● **Material provided**
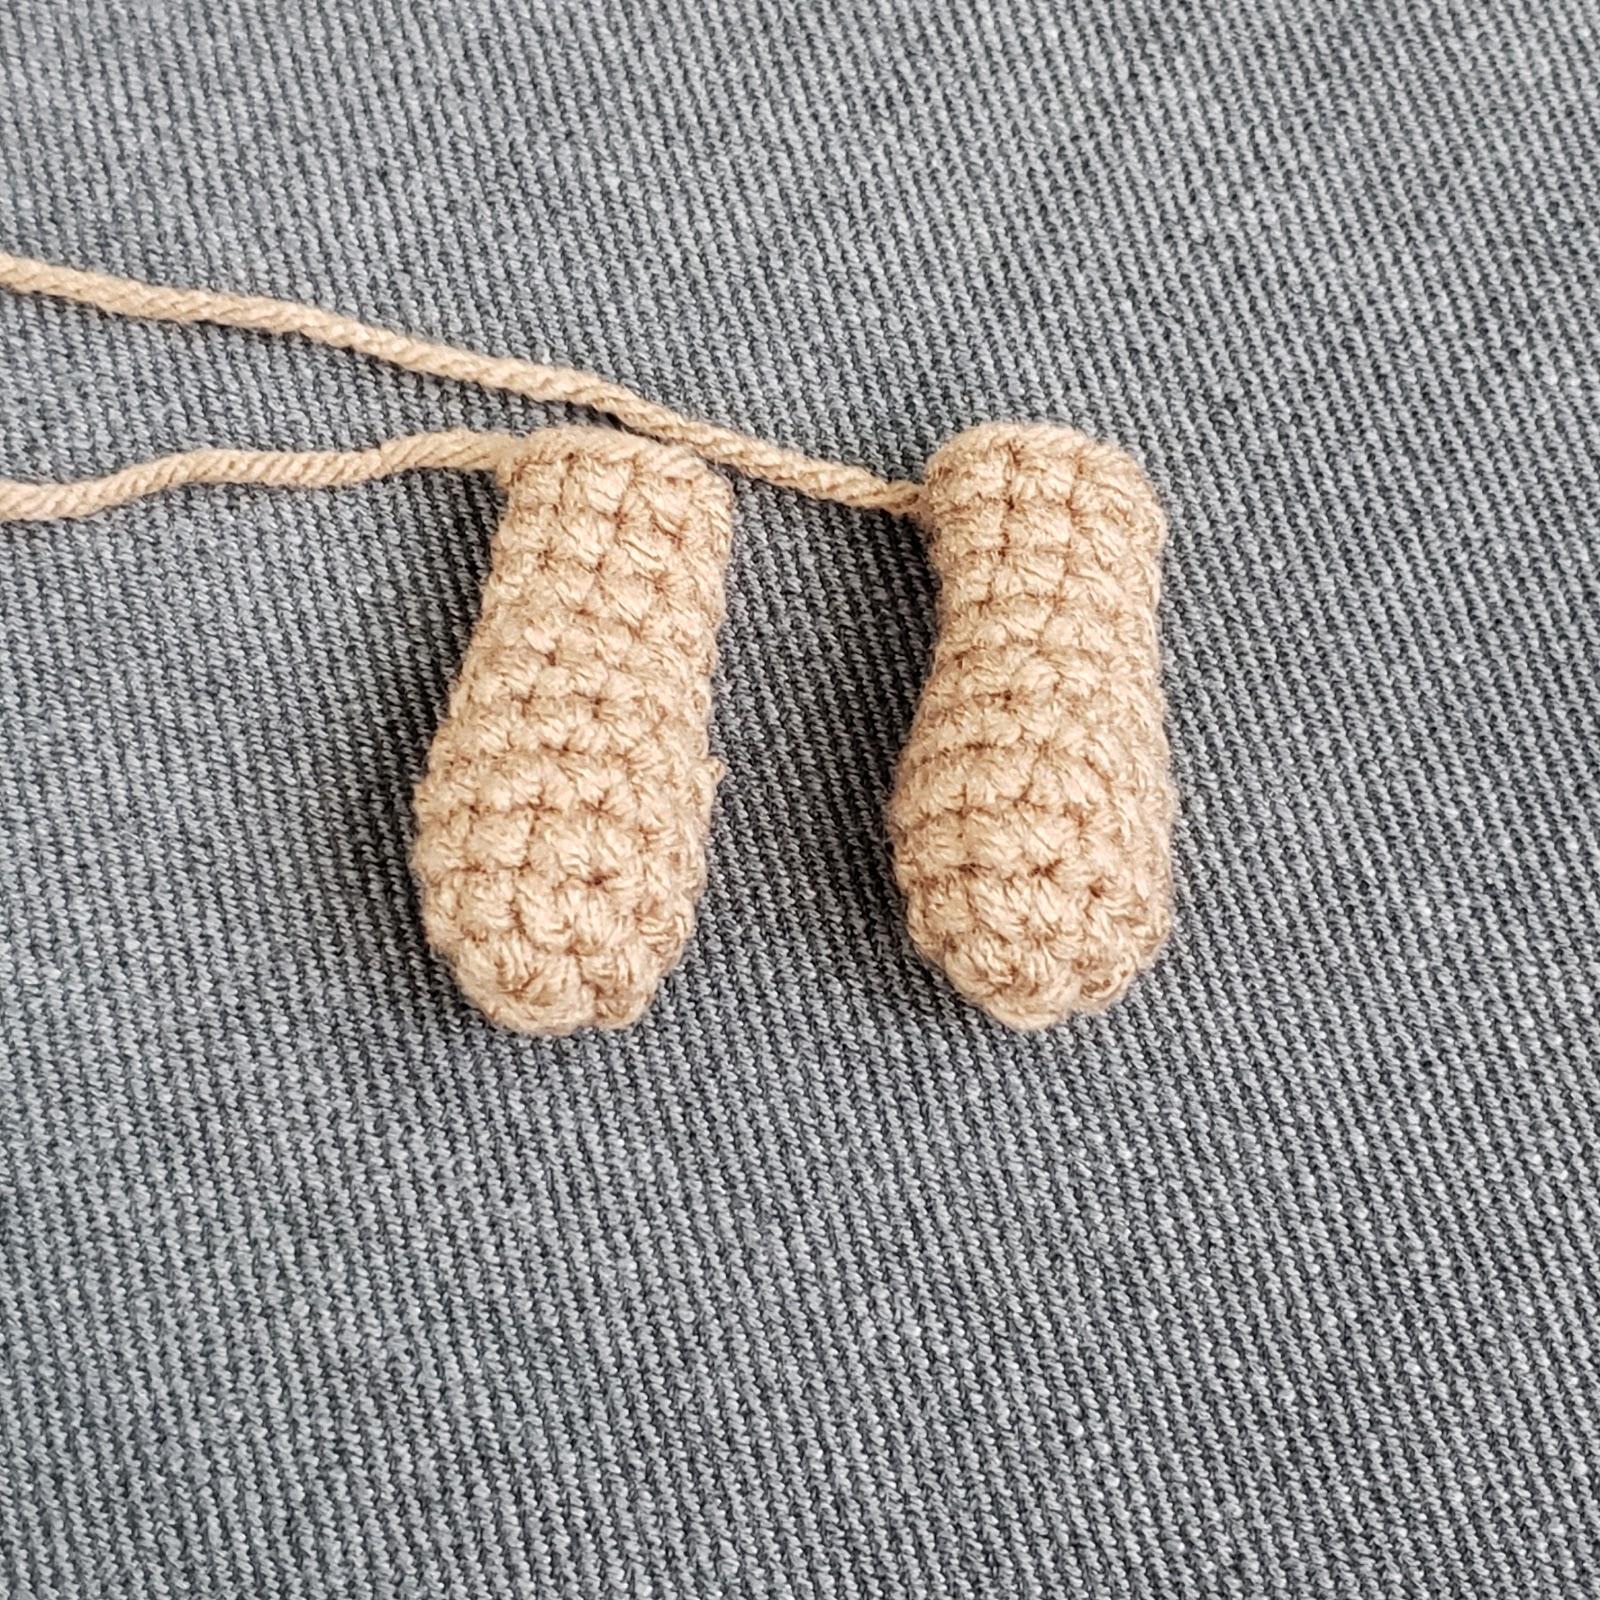 www.crochetwithmealnie.com
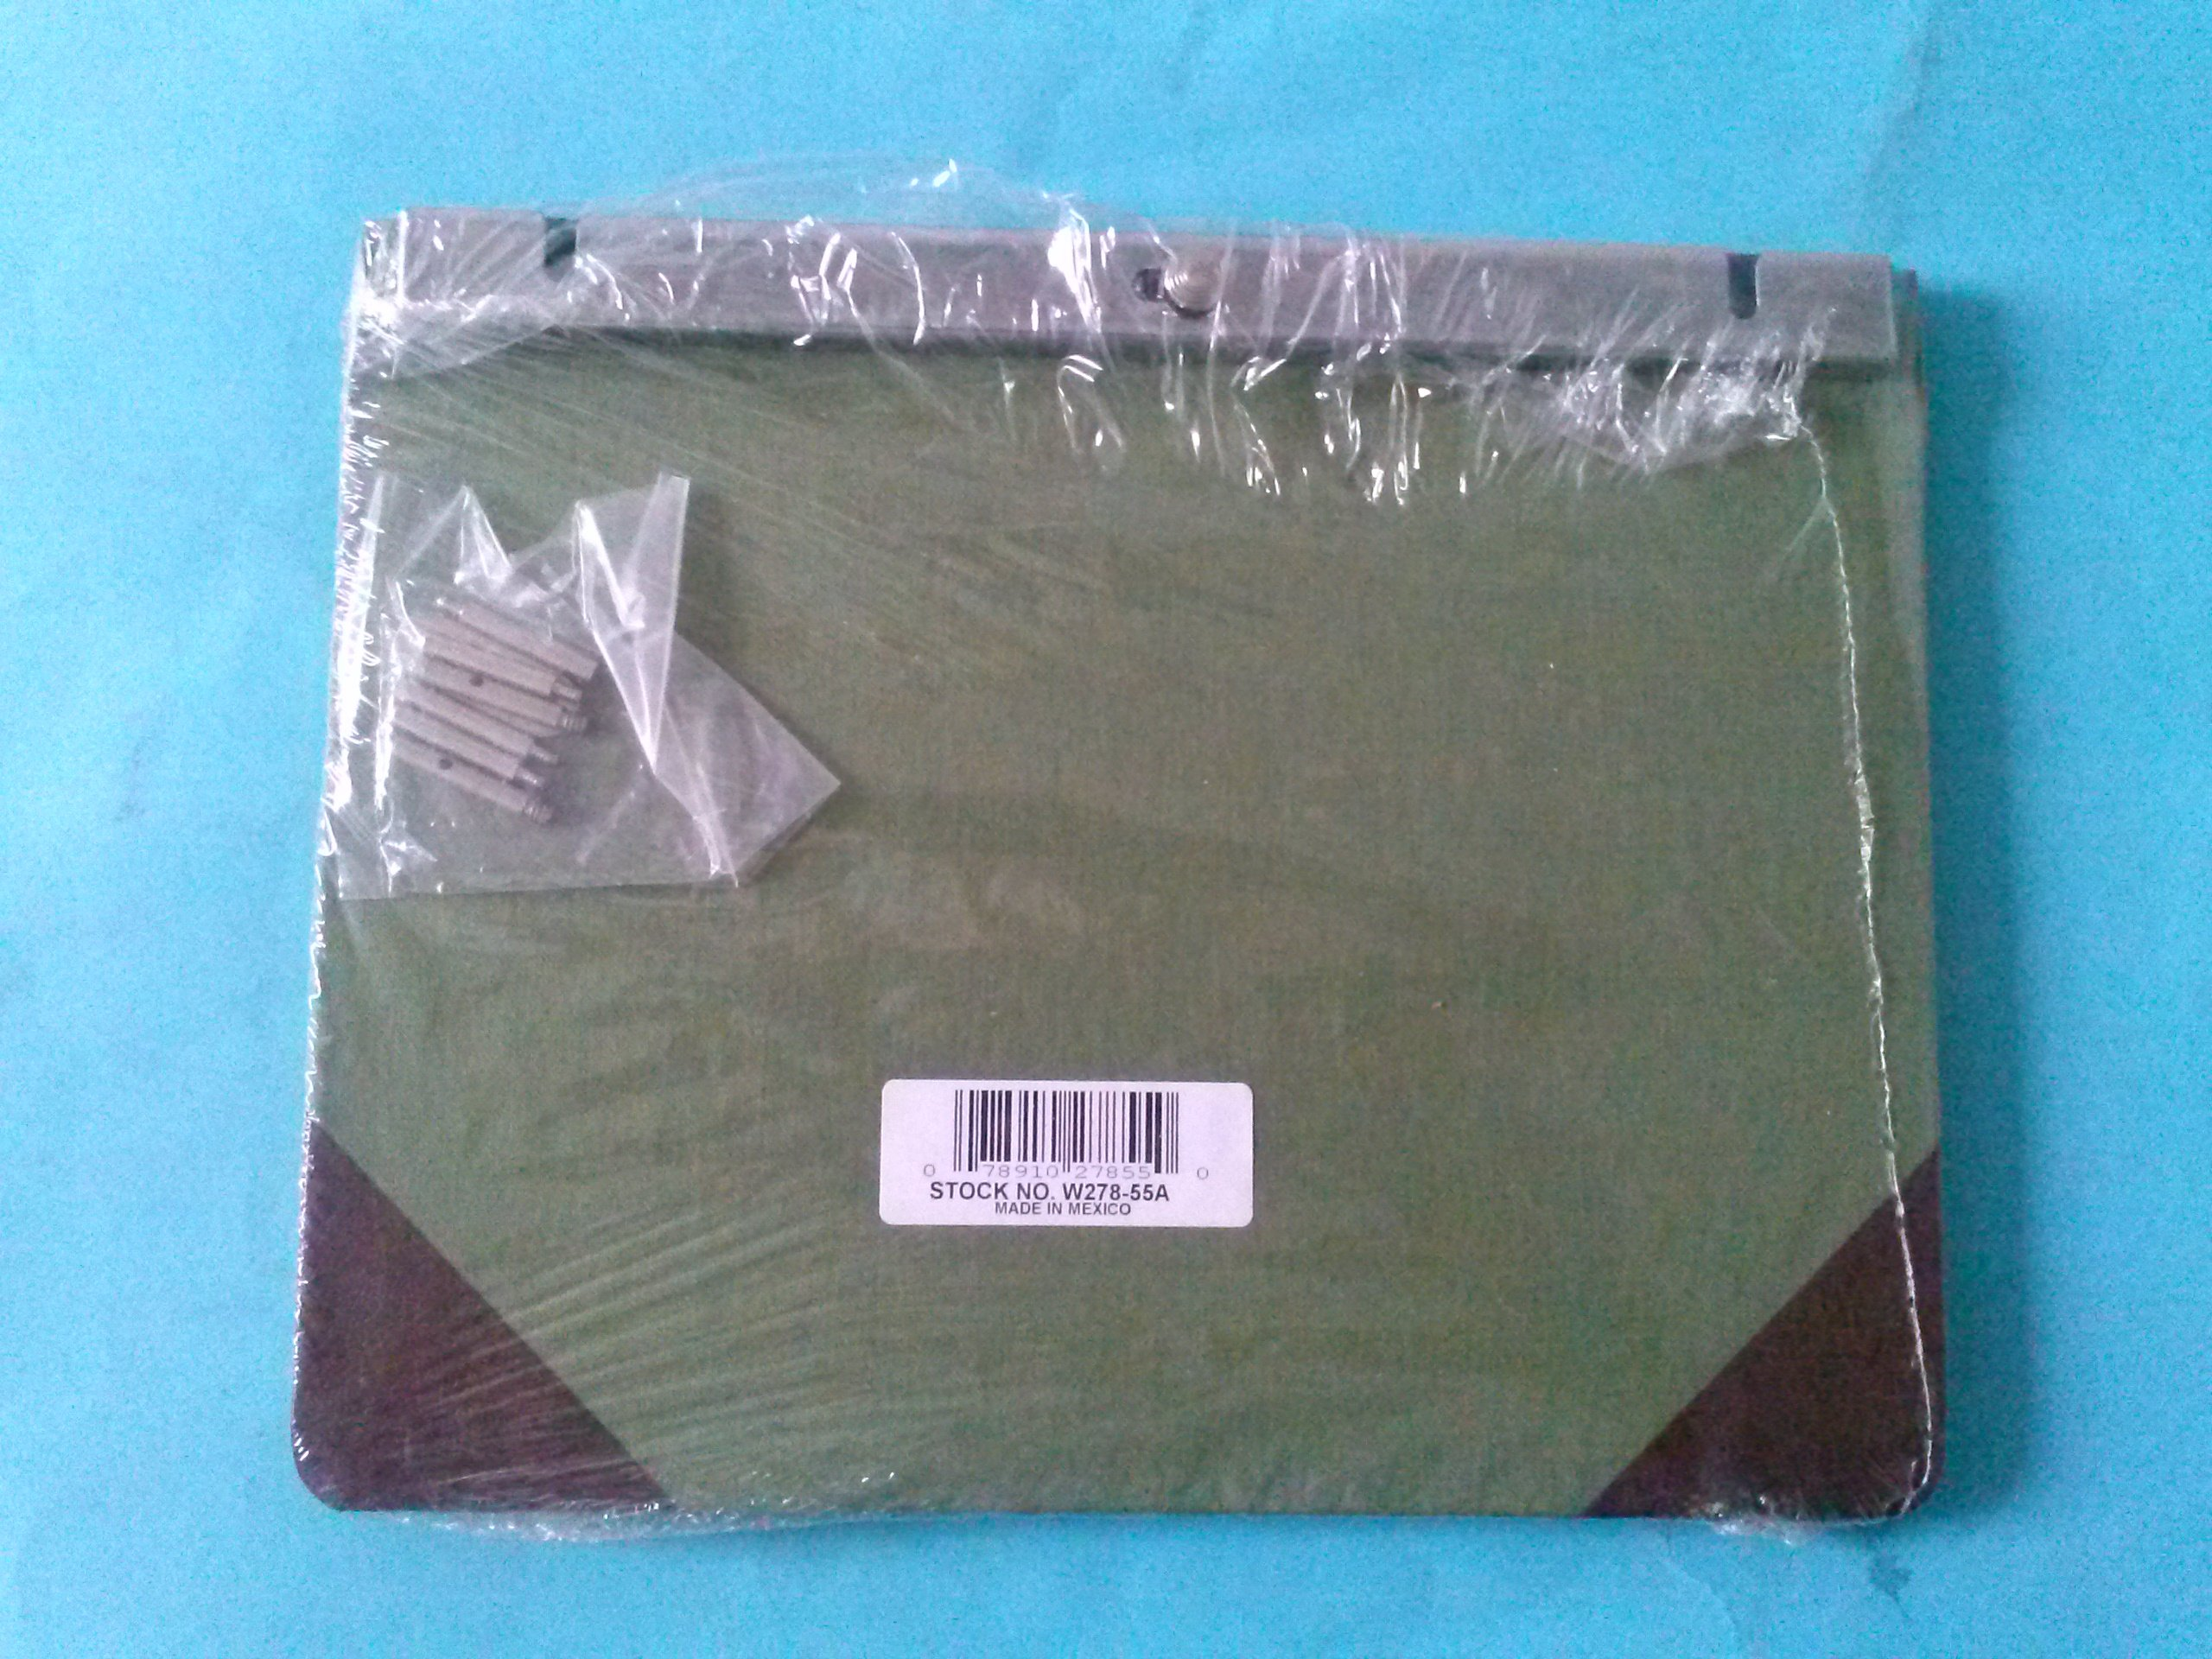 Wilson Jones W278-55A Post Binder Green 11'' x 8 1/2'' Limit 1 Per Customer
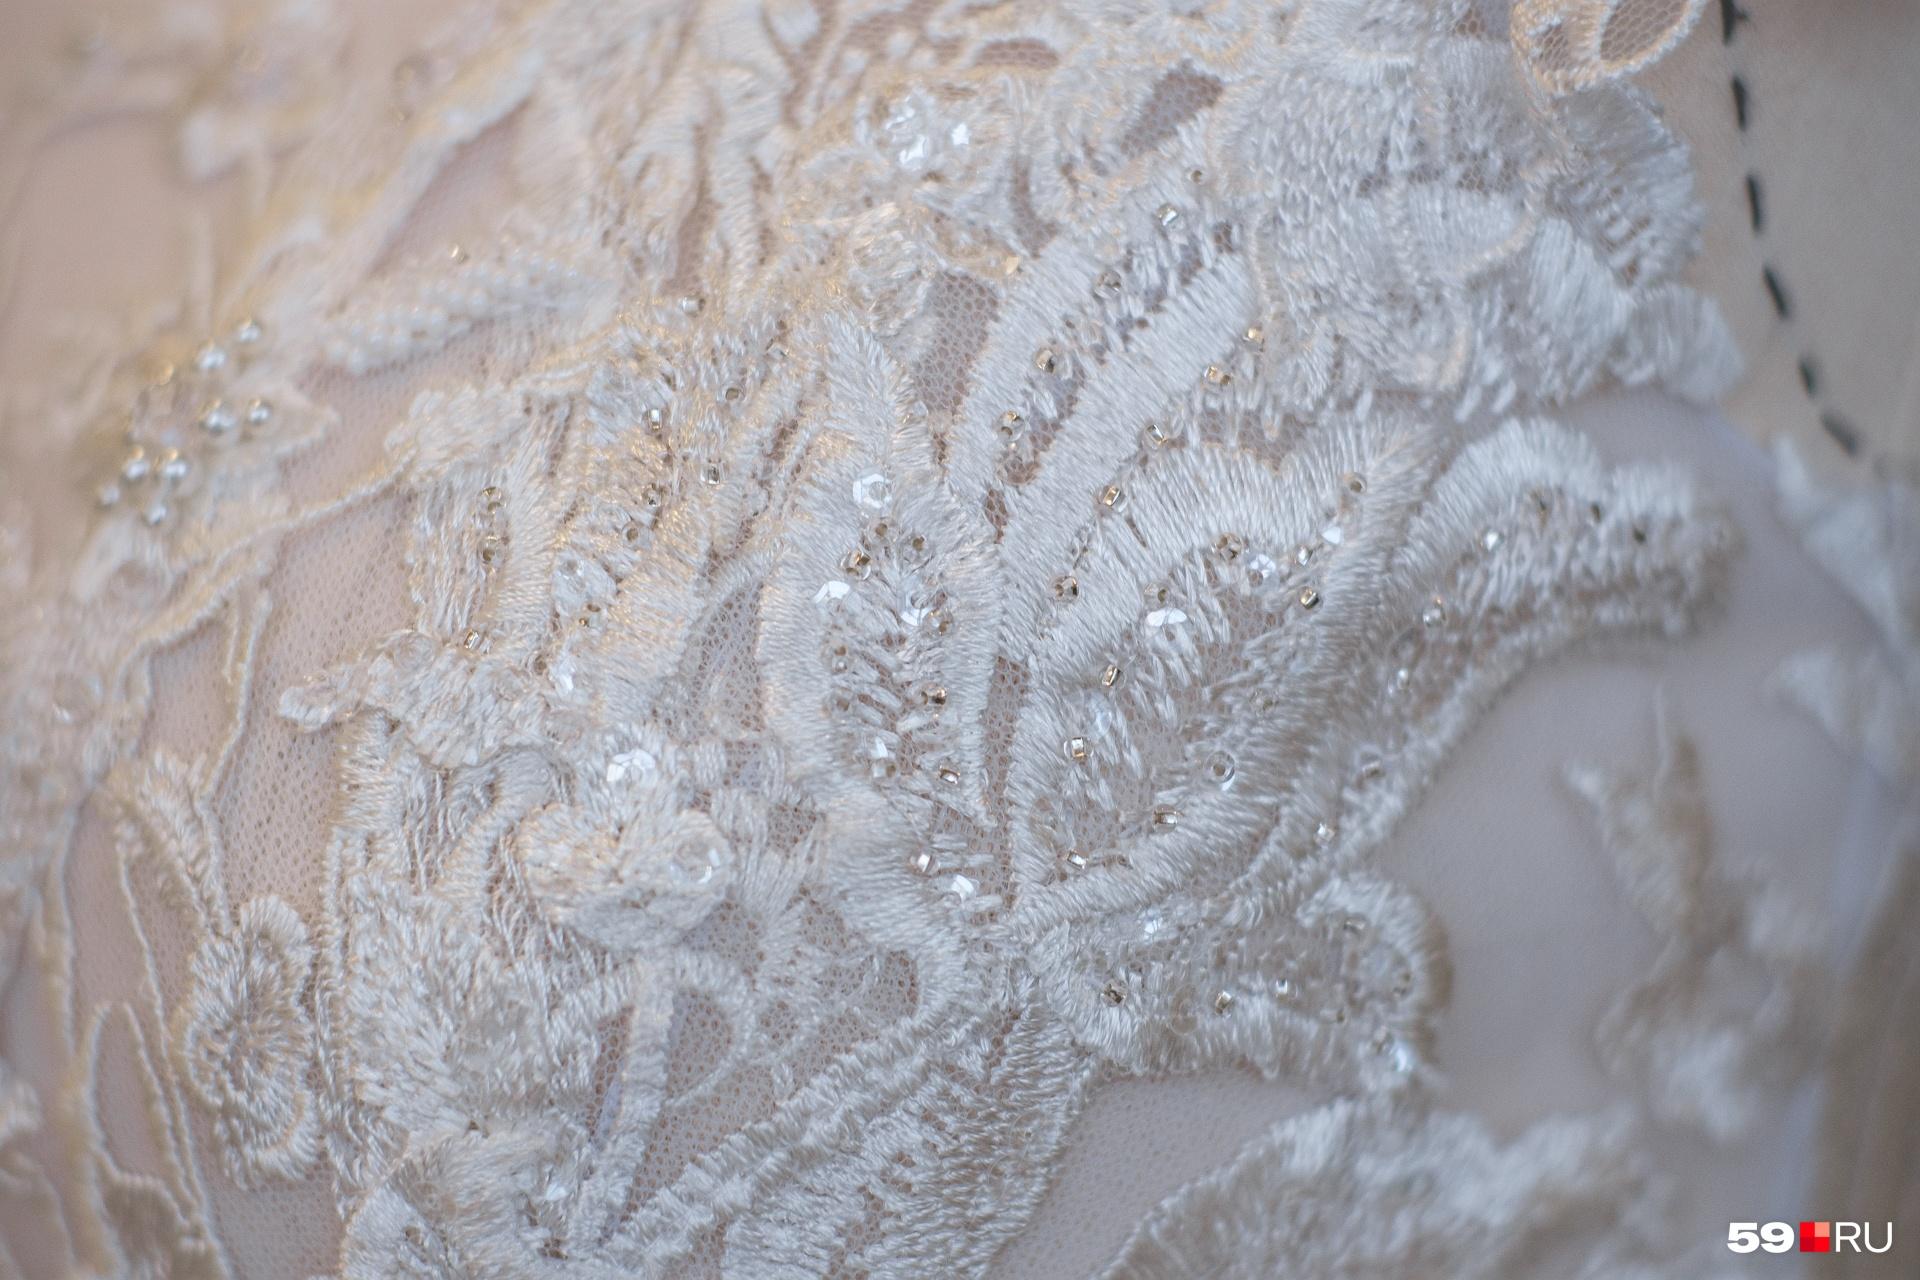 На платьях много мелких деталей, которые можно заметить только вблизи

● **The task**
When you repeat the material above, keep every word exact and leave out the pictures.

● **Expected output**
 www.crochetwithmealnie.com
 Wilson Jones W278-55A Post Binder Green 11'' x 8 1/2'' Limit 1 Per Customer
 На платьях много мелких деталей, которые можно заметить только вблизи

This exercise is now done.